Date Stock Price Day Change Sensex Day Change
2026-03-09 Rs.0.41 -2.38% 34,557.39 -1.91%
2026-03-10 Rs.0.40 -2.44% 35,005.20 +1.30%
2026-03-11 Rs.0.40 +0.00% 34,529.78 -1.36%
2026-03-12 Rs.0.41 +2.50% 34,300.49 -0.66%
2026-03-13 Rs.0.41 +0.00% 33,516.43 -2.29%

Key Takeaways from the Week

1. Extreme Volatility with Circuit Triggers: The stock experienced both lower and upper circuit hits within the same week, reflecting a highly volatile trading environment. The initial panic selling was followed by strong buying interest, but the underlying technical weakness remains.

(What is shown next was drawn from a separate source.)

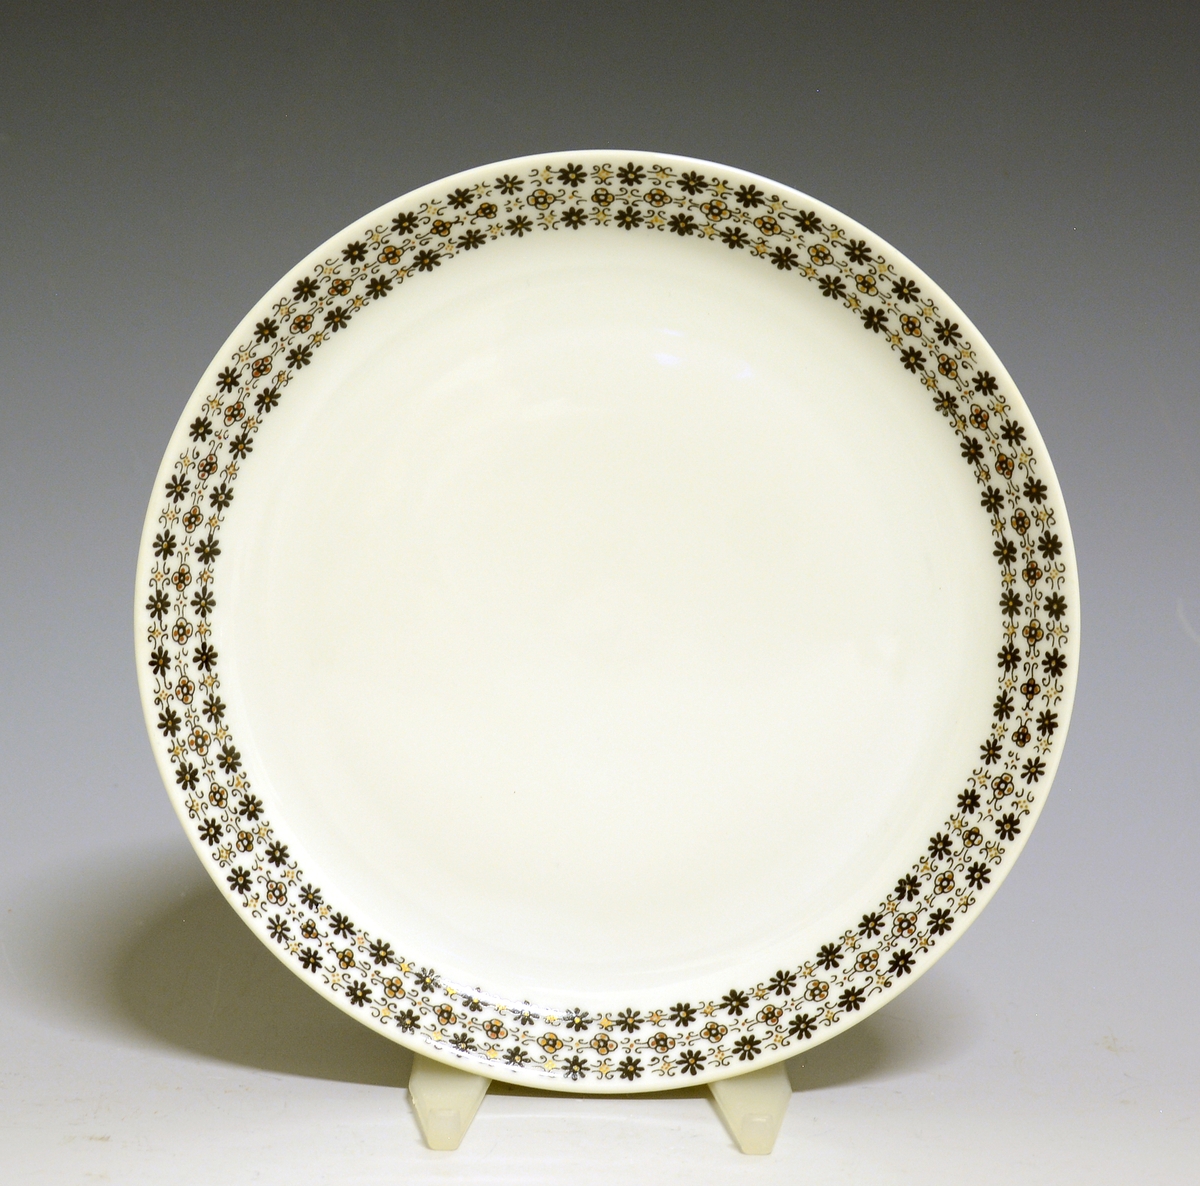 Asjett av porselen med hvit glasur og bord med småblomstret trykkdekor i sort og gull langs kanten.
Modell: Petita (eller variant av)

2. Relative Outperformance vs Sensex: Despite a 2.38% weekly decline, Shrenik Ltd outperformed the Sensex’s 4.87% fall, indicating some resilience amid broader market weakness.

3. Persistent Technical Weakness: The stock traded below all major moving averages throughout the week, signalling a sustained downtrend and subdued investor confidence despite short-term rallies.

4. Liquidity Constraints and Micro-Cap Risks: Limited liquidity and micro-cap status contributed to exaggerated price swings and regulatory circuit triggers, underscoring the stock’s susceptibility to volatility and supply-demand imbalances.

Conclusion

Shrenik Ltd’s week was characterised by sharp swings between panic-induced selling and robust buying pressure, resulting in circuit-triggered price limits on multiple days. While the stock showed relative strength compared to the broader Sensex, its technical and fundamental indicators remain weak, with a Strong Sell Mojo Grade reflecting ongoing challenges. The micro-cap nature and low liquidity amplify volatility, making the stock a high-risk proposition. Investors should carefully monitor upcoming sessions for confirmation of sustained momentum or renewed weakness before considering exposure.